Because column vectors containing a pivot are all-zeros except for the pivot, the set of pivot columns must also be LI (see later). You can always represent the free columns as linear combinations of the pivot columns.

If we have an augmented matrix [A | b] :

  1. No Solution. If the last (augmented) column of [A|b] (ie. the column which contains b ) contains a pivot entry.
  2. Restructed Solution Set. If the last row of the matrix is all zeros except the pivot column which is a function of b_1 \ldots b_m .
  3. Exactly One Solution. If the last (augmented) column of [A|b] (ie. the column which contains b ) does not contain a pivot entry and all of the columns of the coefficient part (ie. the columns of A ) do contain a pivot entry.
  4. Infinitely Many Solutions. If the last (augmented) column of [A|b] (ie. the column which contains b ) does not contain a pivot entry and at least one of the columns of the coefficient part (ie. the columns of A ) also does not contain a pivot entry.
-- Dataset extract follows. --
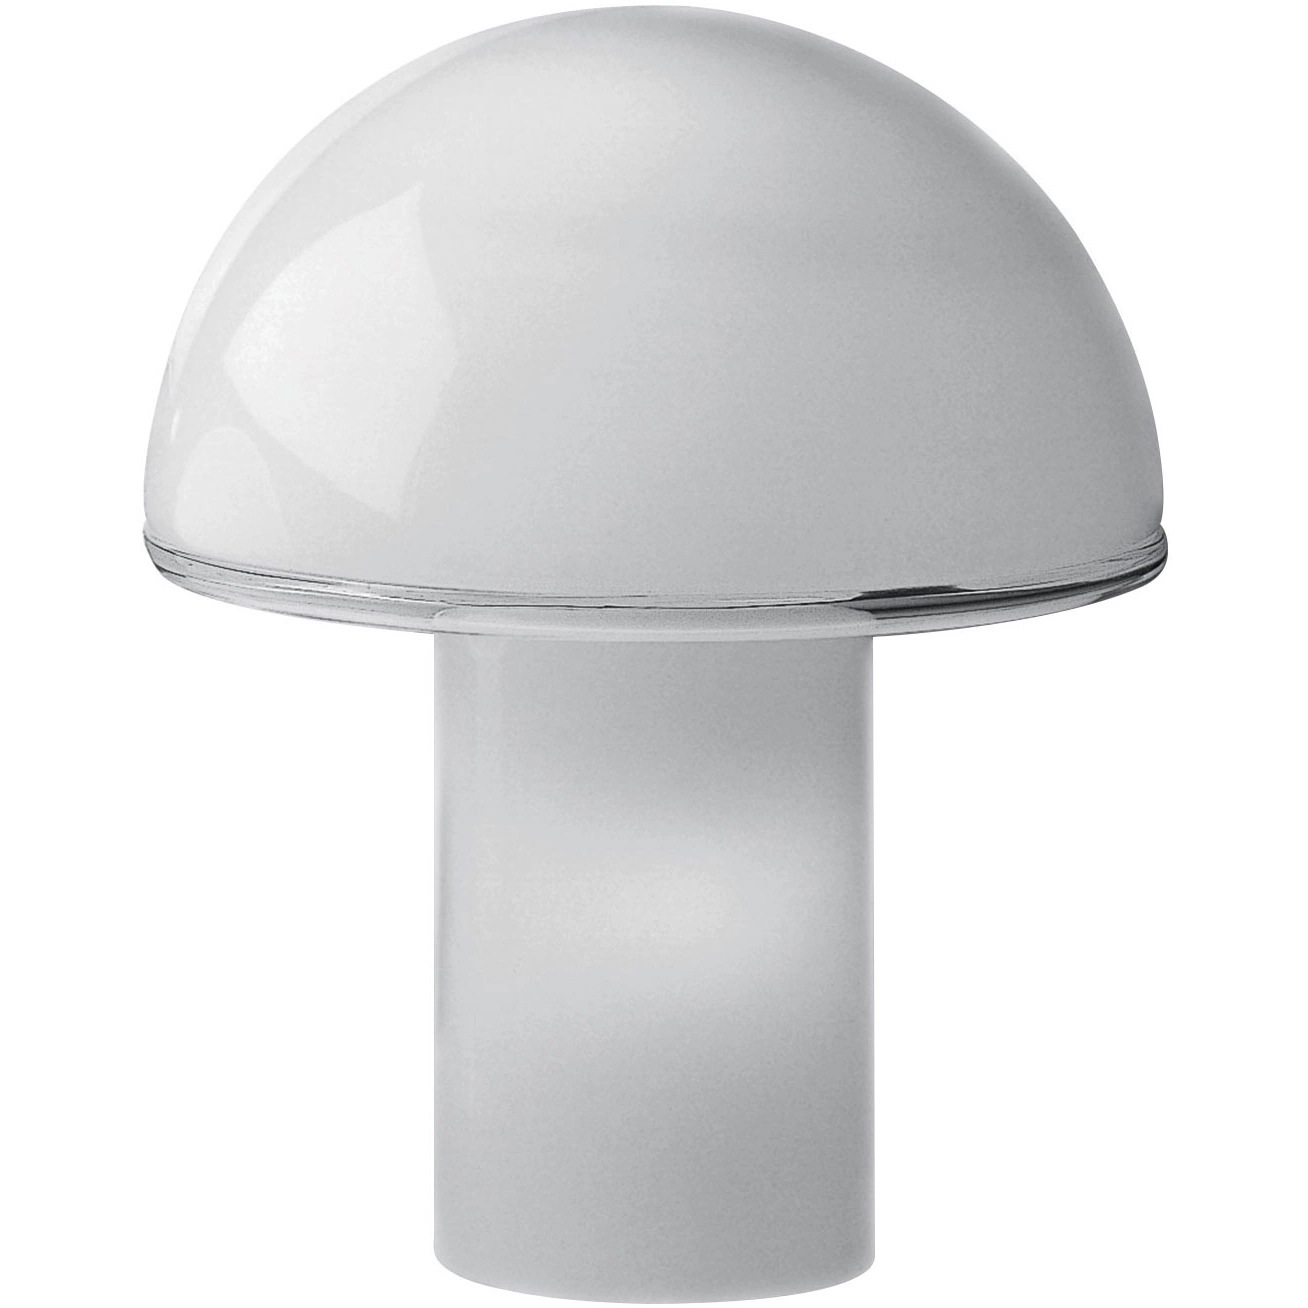 Onfale Table Lamp, 280 mm

Let's look at a quick example of a matrix in echelon-form: \left[ \begin{array}{ccc|c} -5 & -1 & -3 & 3 \\ 0 & 3 & 5 & 8 \\ 0 & 0 & 2 & -4 \end{array} \right]

We can get the solution to the set of simultaneous linear equations using back substitution. Directly from the above row-echelon form (useful because the last row has one pivot and no free variables) matrix we know that: -5x_1 -x_2 -3X3 = 3 \tag{1} 3x_2 + 5x_3 = 8 \tag{2} 2x_3 = -4 \tag{3} From (1) we know: x_3 = -2 \tag{4} Substitute (4) back into (2): 3x_2 + -10 = 8 \implies x_2 = 6 \tag{5} Substitute (5) and (4) back into (1): -5x_1 -6 +6 = 3 \implies x_1 = -\frac{3}{5} \tag{6}

We can use RREF to accomplish the same thing and find the solutions to the above. \left[ \begin{array}{ccc|c} -5 & -1 & -3 & 3 \\ 0 & 3 & 5 & 8 \\ 0 & 0 & 2 & -4 \end{array} \right] \rightarrow \left[ \begin{array}{ccc|c} 1 & \frac{1}{5} & -\frac{3}{5} & -\frac{3}{5} \\ 0 & 3 & 5 & 8 \\ 0 & 0 & 1 & -2 \end{array} \right] \small{(r1 = \frac{r1}{5}, r3 = \frac{r3}{2})} \rightarrow \left[ \begin{array}{ccc|c} 1 & \frac{1}{5} & -\frac{3}{5} & -\frac{3}{5} \\ 0 & 3 & 0 & 18 \\ 0 & 0 & 1 & -2 \end{array} \right] \small{(r2 = r2 - 5r3)} \rightarrow \left[ \begin{array}{ccc|c} 1 & \frac{1}{5} & -\frac{3}{5} & -\frac{3}{5} \\ 0 & 1 & 0 & 6 \\ 0 & 0 & 1 & -2 \end{array} \right] \small{(r2 = \frac{r2}{3})} \rightarrow \left[ \begin{array}{ccc|c} 1 & 0 & 0 & -\frac{3}{5} \\ 0 & 1 & 0 & 6 \\ 0 & 0 & 1 & -2 \end{array} \right] \small{(r1 = r1 + \frac{3r3}{5} \rightarrow, r1 = r1 - \frac{r2}{5})} Which means we come to the same conclusion as we did when doing back substitution, but were able to do it using elementary row operations.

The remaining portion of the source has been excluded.